Our first little lovebug, Anna
On January 27, 2004, Jason and I were blessed with a beautiful little girl. Everything seemed as perfect as I hoped it would be. Most people don't prepare themselves for the possibility that medical issues can sneak into the picture, but that is what happened with us. Anna is perfect all right, but she did come to us with a very serious medical condition called mitochondrial disease.

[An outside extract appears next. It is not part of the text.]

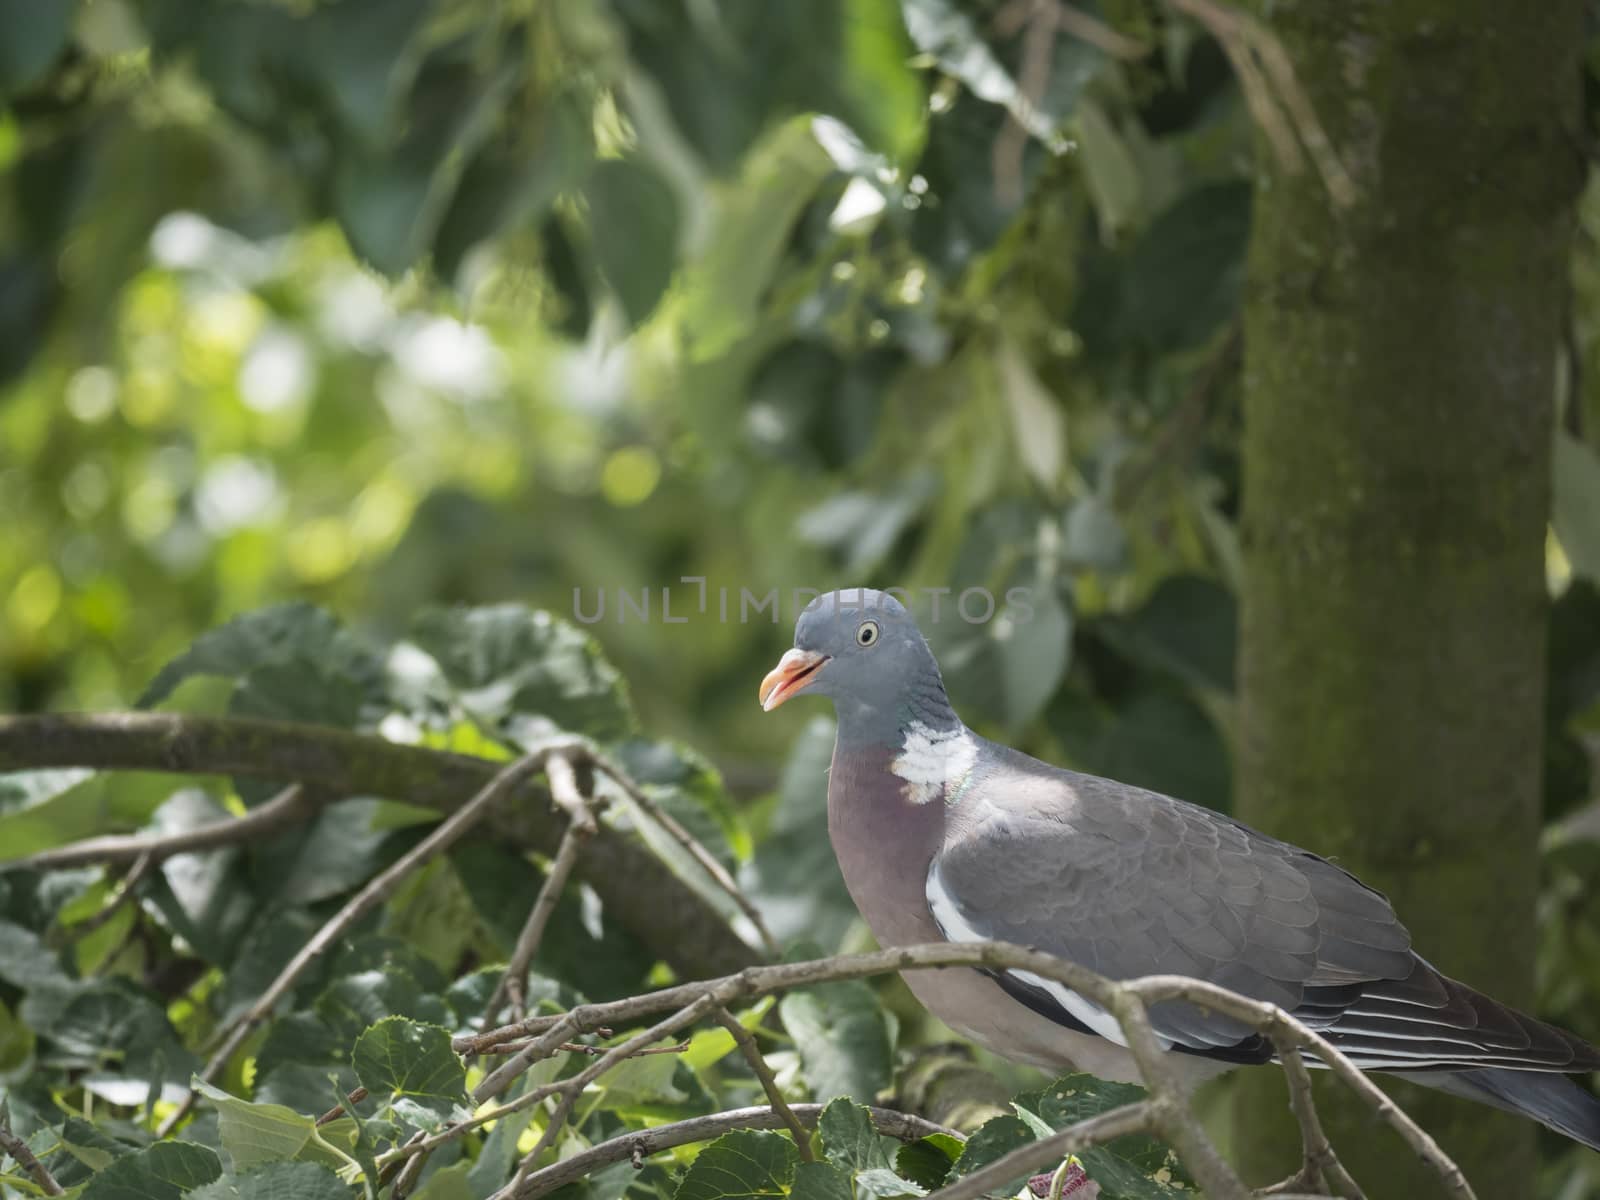 Close up common Wood pigeon Columba palumbus perched on linden tree branch between green leaves by Henkeova

When she was five weeks old she began having small seizures and thus the long, arduous process of tests, tests and more tests began and lasted for several months. We visited a pediatric neurologist who steered us to a geneticist in the Atlanta area. This geneticist, Dr. Fran Kendall, wanted Anna to have a muscle biopsy as a final attempt to figure out what was causing the seizures. When Anna was 8 months old the biopsy results came back to show that Anna has mitochondrial disease, complex 1. In short, the mitochondria in her body don't produce enough energy for everything to work as it should. Depending on the location of the defect in a specific person's mitochondria, the symptoms can vary widely. Researchers are finding out more about mitochondrial disease including the likelihood that it's related to other major diseases such as Parkinson's, Alzheimer's and even autism. For more information on this disease go to www.umdf.org.

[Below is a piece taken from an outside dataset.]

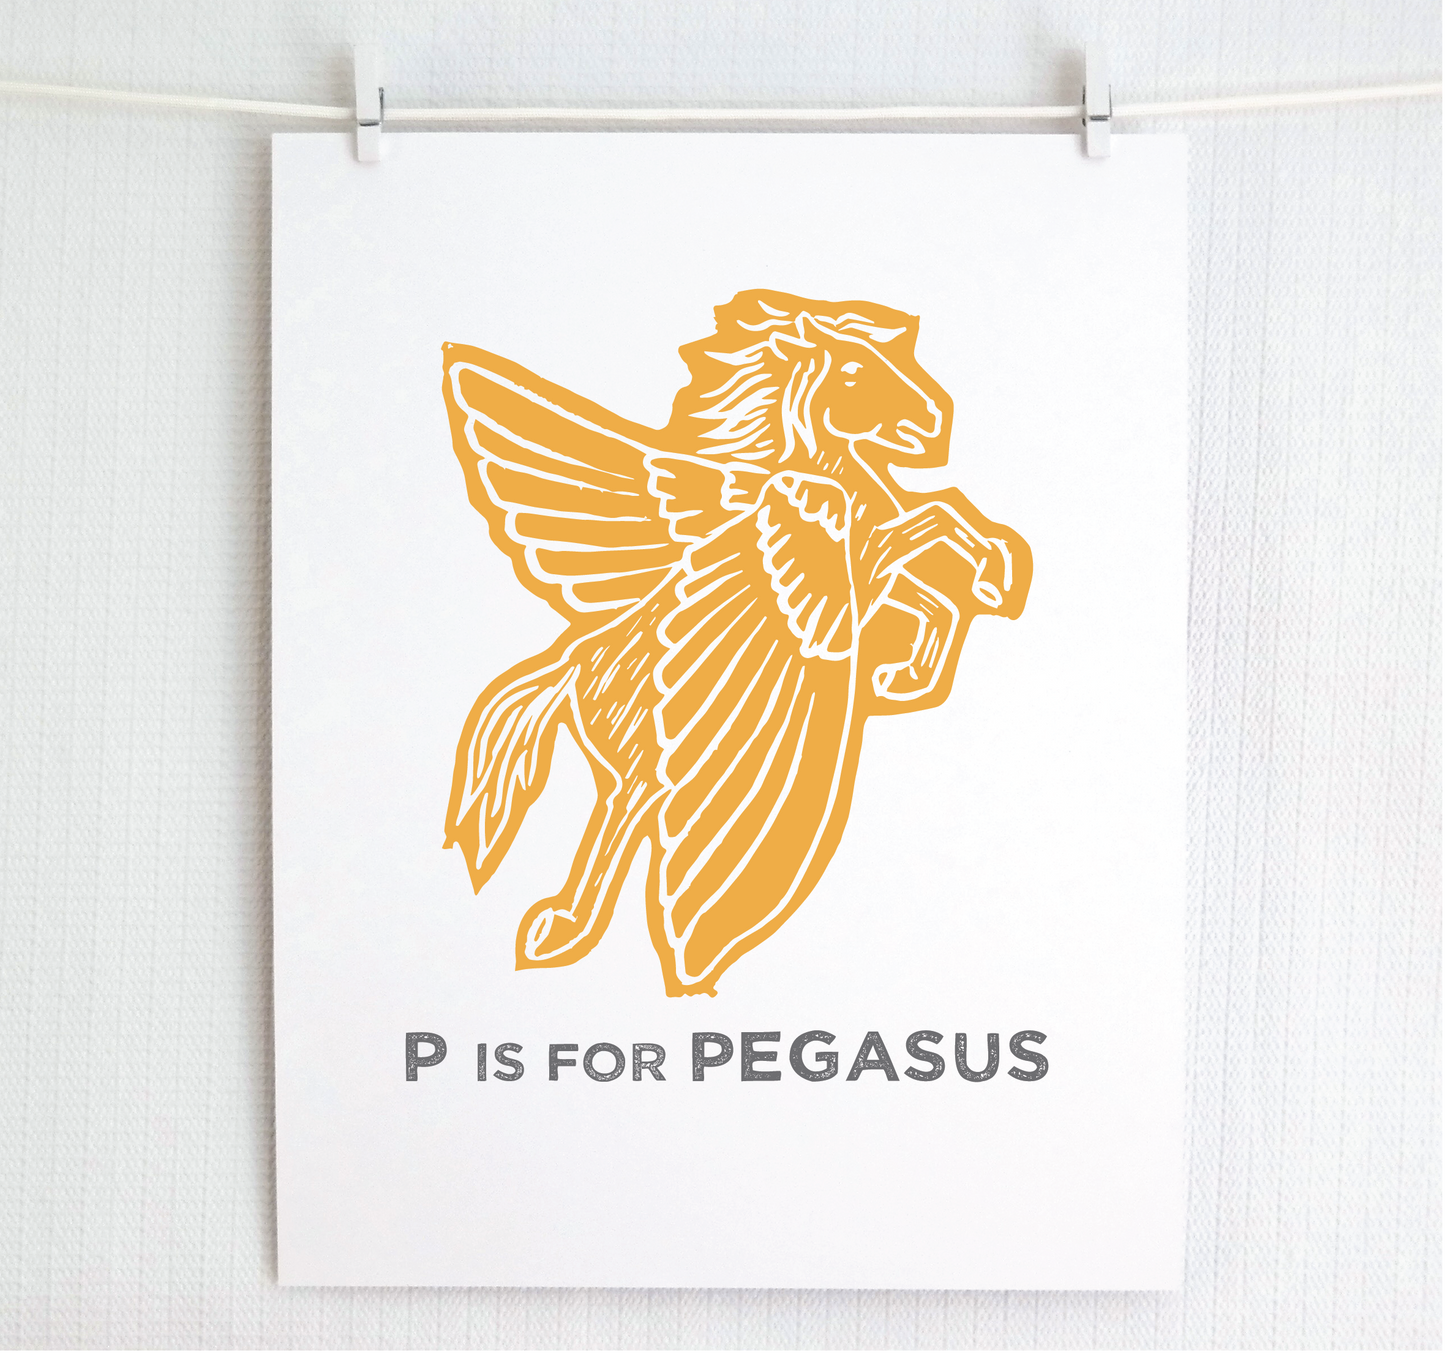 P is for Pegasus

In Anna's case, her defect has resulted in seizures, developmental delays and sensory issues. We're fortunate that overall she's been medically stable and she keeps progressing. She's a very happy little girl and she loves going to pool therapy and music therapy. The seizures are difficult to handle but we do the best we can.
Many times it's difficult to juggle the various therapies and the fact that Anna's prognosis is unknown is sometimes hard for me. But Anna has also bestowed unexpected gifts upon us. It's easy to love the child who sails and excels, but for the child who struggles the depth and quality of love ends up being breathtaking. Anna has stretched me the furthest and taught me the most. She has taught me about bravery and perseverance, strength, grace and humility. When I look at her I see the courage of a fighter and the heart of a hero.
Welcome
Family and friends,
Thank you for choosing to follow along with what I believe will be one of the most amazing experiences of our lives. We will be bringing home a child from China who, although we didn't have a face to the name until recently, has been in our hearts for many months and we are so excited to finally bring her home. So, I decided to do this blog for a couple of reasons. First, I hope it will make it easier for you to follow along during the trip to China as I plan to give daily updates and photos whenever possible. This blog will also give an opportunity to share information with those who don't get to see us very often and aren't familiar with what brought us to this point. Finally, even though this blog will focus on the trip to China, I'd also like to share information about Anna and spread awareness about mitochondrial disease. I hope you enjoy the blog.